Weems represents Marion as being greatly averse to this measure of retaliation, and as having censured those officers of the regular army who demanded of Greene the adoption of this remedy. But the biographer wrote rather from his own benevolent nature than from the record. Marion had no scruples about the necessity of such a measure in particular cases; and, however much he might wish to avoid its execution, he was yet fully prepared to adopt it whenever the policy of the proceeding was unquestionable. Fortunately, the decisive resolutions which were expressed by the Americans, their increasing successes, the fact that they had several British officers of reputation in their hands,—all conspired to produce, in the minds of the enemy, a greater regard to the rights of justice and humanity. As retaliation in such cases is justifiable only as a preventive and remedial measure, it now ceased to be necessary; and, with proper views of the affair, the resolves of Greene and Marion were suffered to remain unexpunged, in proof of their indignation, rather than their purpose. But a few days had elapsed after the execution of Hayne when a party of Marion's men, under Captain Ervine, fell in with and captured a favorite British officer, Captain Campbell, with two subalterns, in charge of a convoying detachment. They were at once committed to the provost guard, and soon communicated their apprehensions to Charleston. A meeting of British officers was held, and their dissatisfaction at this new feature, introduced into the warfare of the country, was expressed in such terms, as contributed, along with the prompt proceedings of the Americans, to bring Balfour, the commandant of Charleston, under whose authority the execution of Hayne had taken place, to a better sense of mercy and prudence. We shall have no farther occasion to refer to these proceedings. It is enough that the threat of retaliation, followed up by such decided movements as left no doubt of the resolution of the Americans, produced all the beneficial effects which could have accrued from its execution.

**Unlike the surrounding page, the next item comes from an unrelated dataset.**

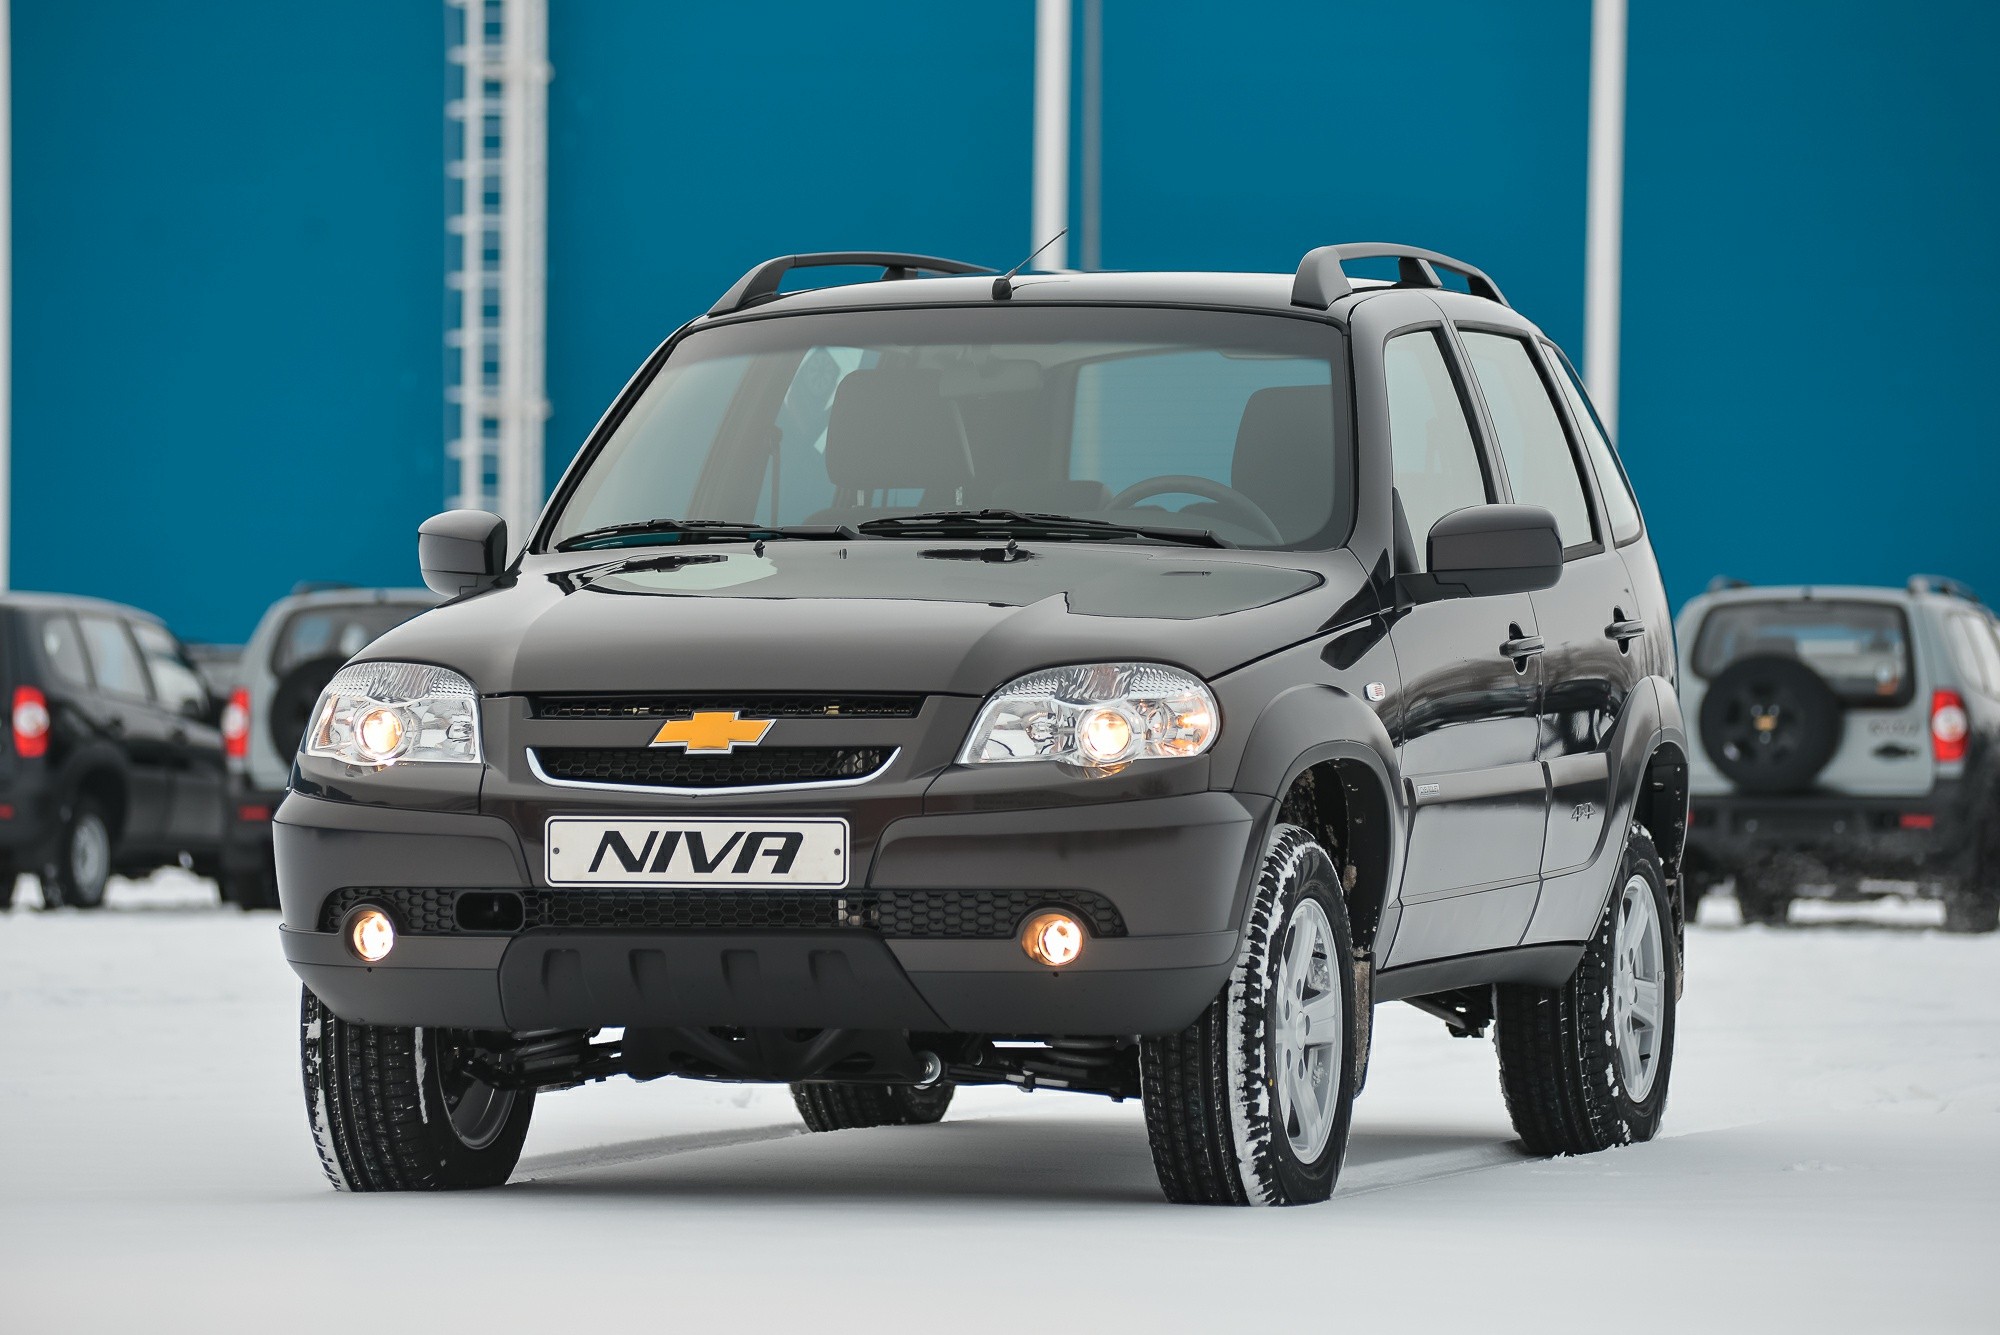 Chevrolet Niva можно купить по новым мерам поддержки автокредитования.
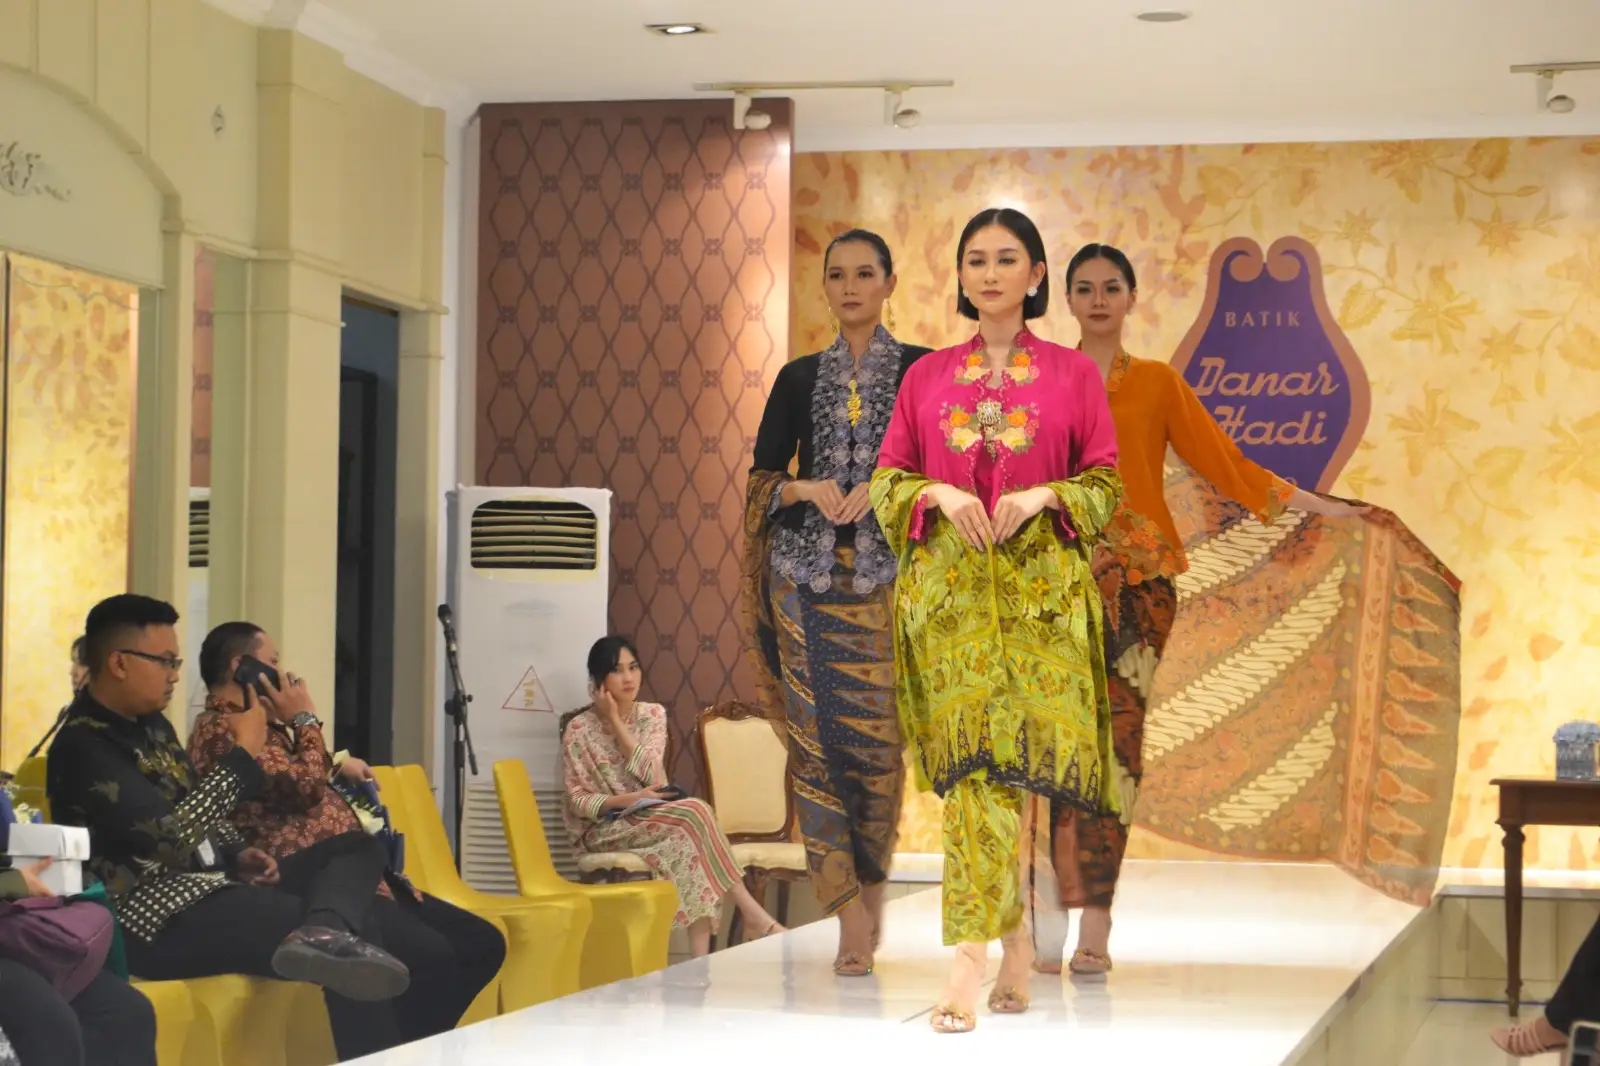 Trunk Show Rukmasara, Batik Danar Hadi Gandeng Desainer Agam Riadi Luncurkan 3 Motif Baru

The incursion of Sumter and Marion into the low country, drew Lord Rawdon from Orangeburg, with five hundred men, to Charleston, from which place, after lingering just long enough to witness the death of Hayne, he sailed for New York. He left Lieut.-Col. Stewart in command at Orangeburg. From this post, Stewart moved to McCord's ferry, on the Congaree, on the south side of which he took post, amidst the hills near the confluence of the Wateree and Congaree. Greene's camp lay directly opposite, and the fires of the mutual armies were distinctly seen by each other. The heat of the weather suspended all regular military operations. Two large rivers intervening secured each from sudden attack, and their toils were confined to operating in small detachments, for foraging or convoy. In this service, on the American side, Col. Washington was detached—as soon as the course of Stewart was ascertained—down the country across the Santee; Lee was sent upward, along the north bank of the Congaree; the latter to operate with Col. Henderson, then in command of Sumter's brigade, at Fridig's ferry, and the former to strike at the communication between the enemy and Charleston, and to cooperate with Marion and Mayham, in covering the lower Santee. Col. Harden, at the same time, with a body of mounted militia, had it in charge to straiten the enemy upon the Edisto.

The activity of these several parties and their frequent successes, were such that Stewart was compelled to look for his supplies to the country below him. This necessity caused him to re-establish and strengthen the post at Dorchester, in order to cover the communication by Orangeburg; and to place a force at Fairlawn, near the head of the navigation of Cooper river, from which supplies from Charleston were transported to headquarters over land. As this route was watched by Marion, Washington and Mayham, the British commander was compelled, in order to secure the means of communication with the opposite bank of the Congaree and to draw supplies from thence, to transport boats adapted to the purpose, on wagon-wheels, from Fairlawn to the Congaree.

Such were the relative positions of the two armies until the 22d of August, when Greene, calling in all his detachments except those under Marion, Mayham and Harden, broke up his camp at the High Hills and proceeded to Howell's ferry, on the Congaree, with the intention immediately to cross it and advance upon Stewart. That officer, on hearing of the movement of the Americans, fell back upon his reinforcements and convoys, and took up a strong position at the Eutaw Springs.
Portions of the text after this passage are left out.